Bongor : les indemnisations, sources de divisions ?

Le lendemain samedi 3 juin, dans la ville de Bongor, les victimes sont moins nombreuses, une petite centaine, avec qui des liens de confiance sont tissés depuis longtemps par la sensibilisation et ses relais locaux, très actifs. La question des disparitions revient, mais sous une autre forme : les CAE ont-elles recueilli des informations sur des disparitions permettant d’en apprendre plus, demande un vieil homme dont le frère arrêté par la DDS en 1987 n’est jamais réapparu. N’est-ce pas une faute des CAE de n’avoir pas enquêté sur ces disparitions ? enchaîne un autre homme. Son voisin, victime directe, veut savoir dans quel type de prison se trouve Hissein Habré, s’il s’agit d’une résidence surveillée ? Un autre veut savoir si la Chambre a précisé comment et où Hissein Habré serait enterré, puisqu’il est condamné à la prison à vie. Ses biens au Tchad seront-ils saisis ? Les différences de montants selon les catégories de victimes interpellent, l’un se demandant si finalement les indemnisations financières ne vont pas apporter plus de divisions, entre les victimes et au sein des familles, si finalement l’argent vient à arriver. L’orage éclate à la fin de la réunion et les pluies torrentielles empêcheront la projection publique organisée l’après-midi, au Lycée Jacques Moudeïna de Bongor. Les gens restant cloitrés chez eux, la sensibilisation porte ses explications sur les ondes de la Radio Terre Nouvelle, qui interviewe l’expert du consortium.

Bousculade à l'entrée dans la salle paroissiale de Bedjondo pour une rencontre avec des victimes. 2 juin 2017.

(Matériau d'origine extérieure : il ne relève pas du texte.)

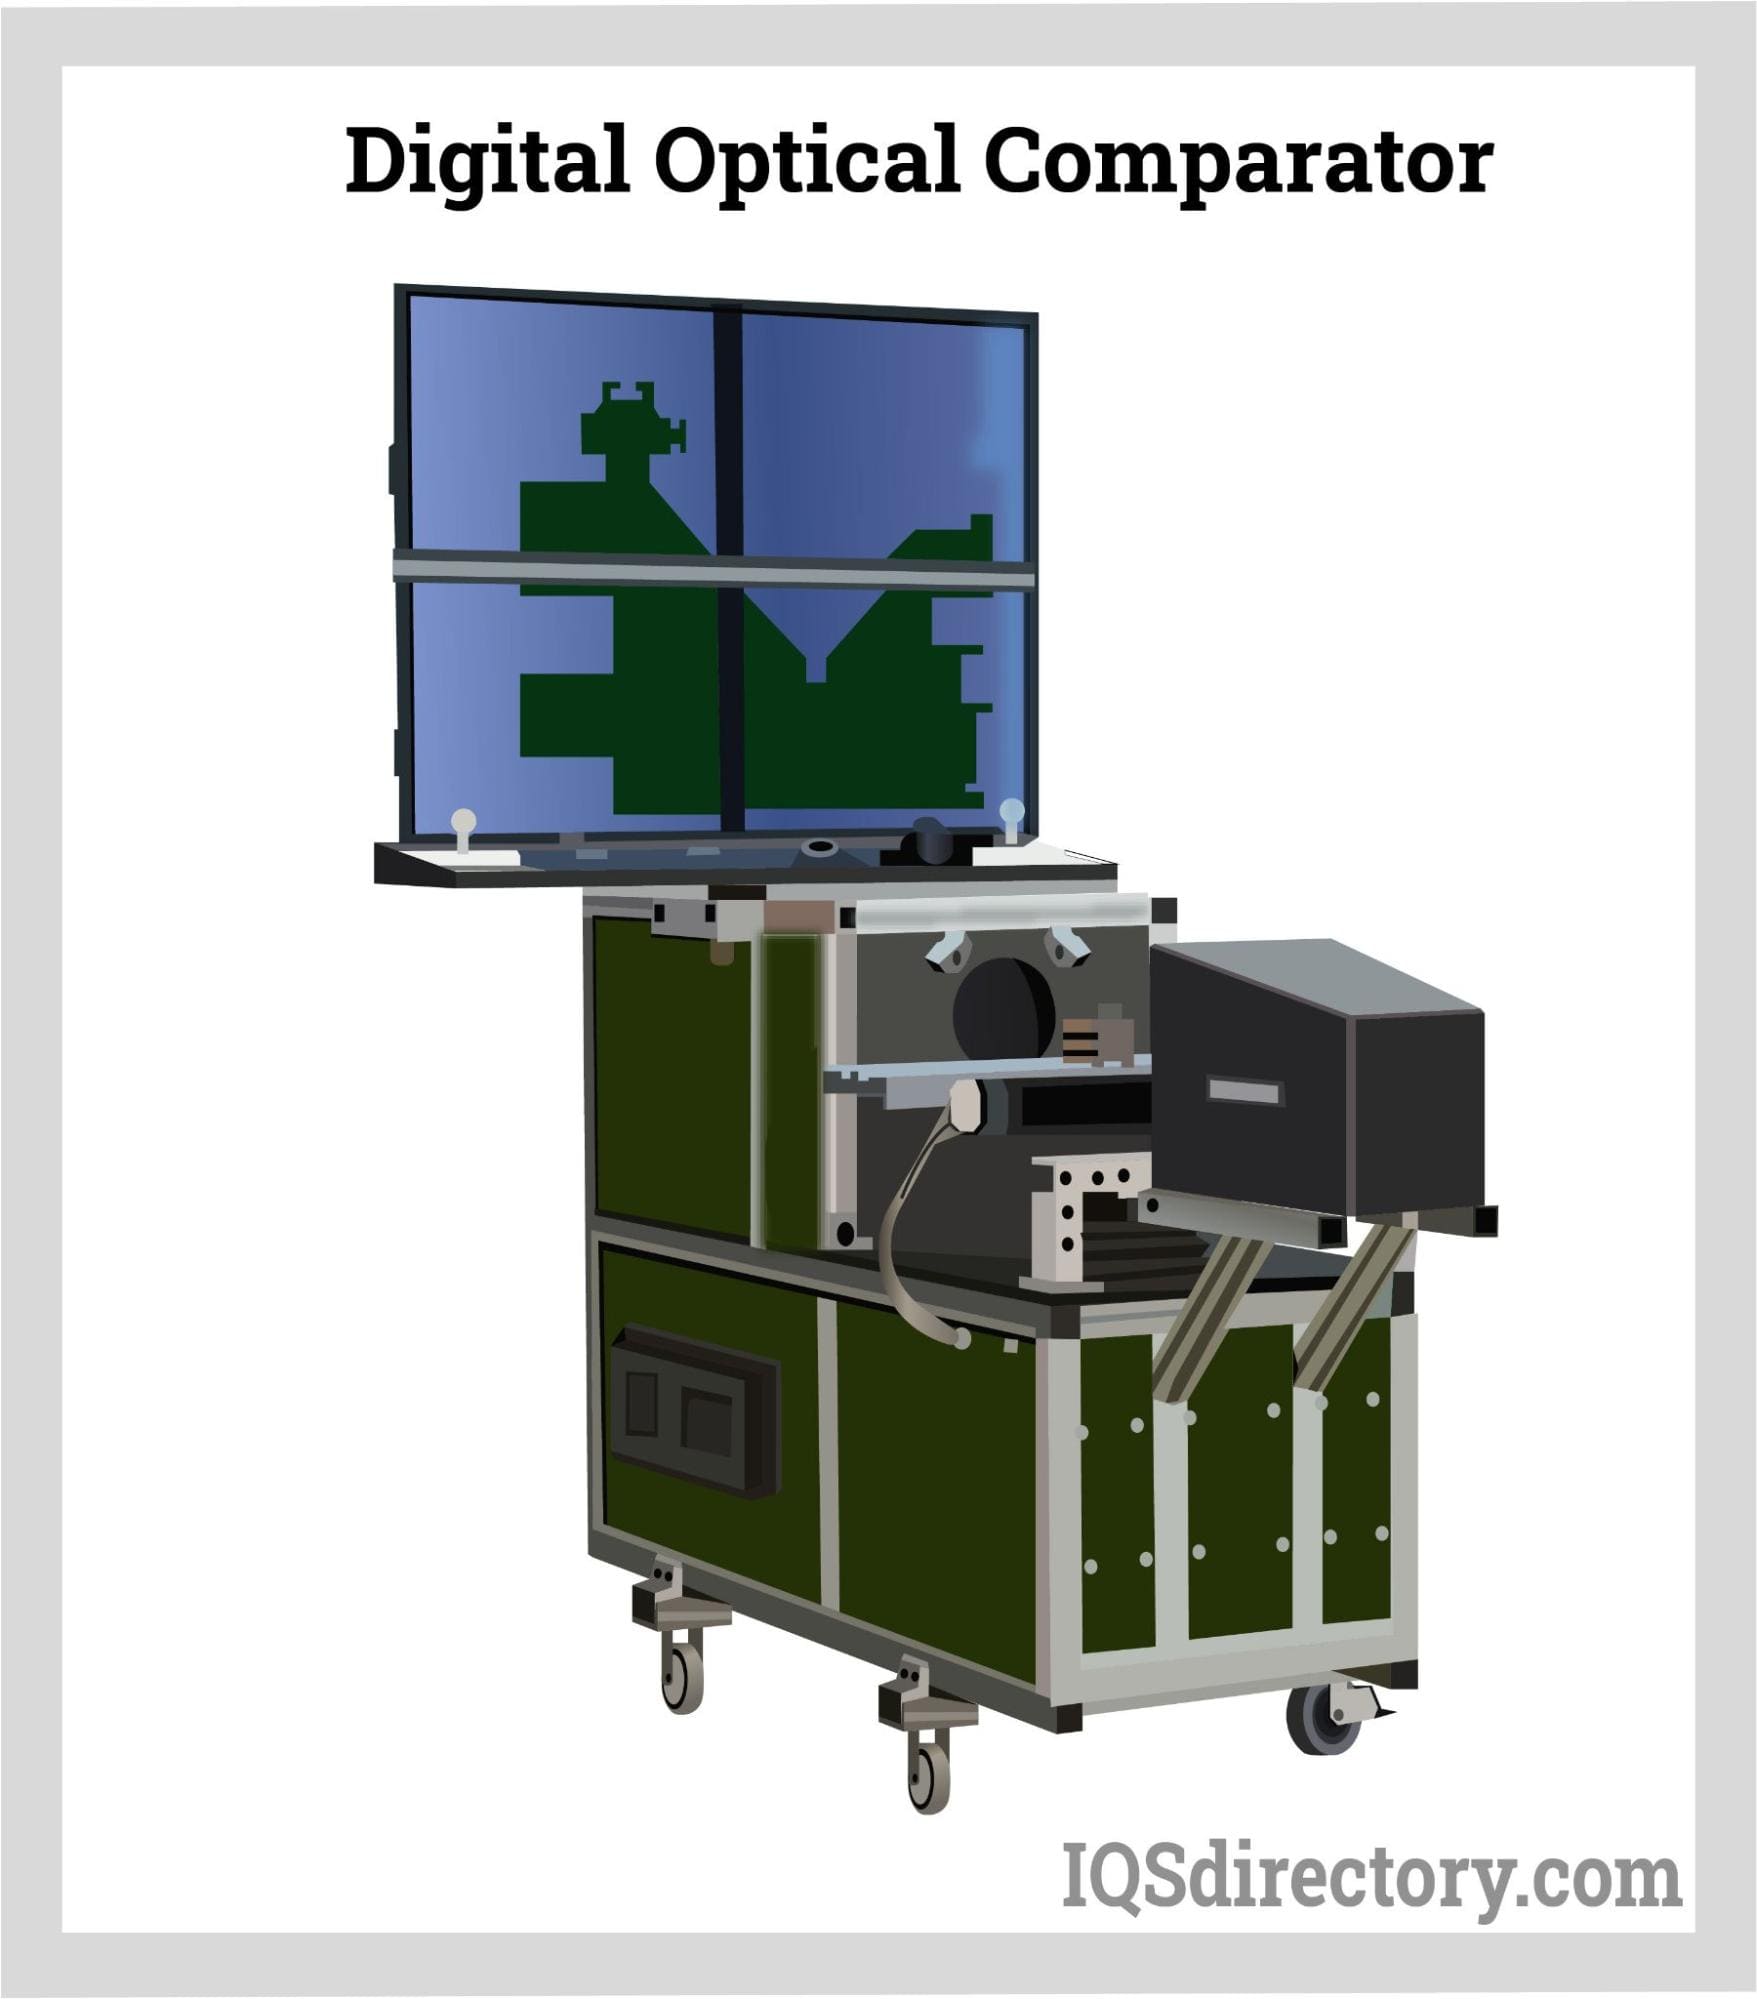 Digital Optical Comparator

Bousculade à l’entrée dans la salle paroissiale de Bedjondo pour une rencontre avec des victimes. 2 juin 2017.

La première phase de la tournée d’explication du verdict final menée par le consortium de sensibilisation sur les Chambres africaines extraordinaires (CAE) se termine avec ses deux rencontres organisées à Bedjondo et à Bongor. Les quelques soixante-dix organisations de la société civile partenaires de la sensibilisation et les douze radios communautaires également partenaires, vont se charger d’en faire le relais aux quatre coins du Tchad. Une seconde tournée sera organisée fin juin pour toucher les populations du Centre et du Nord du pays.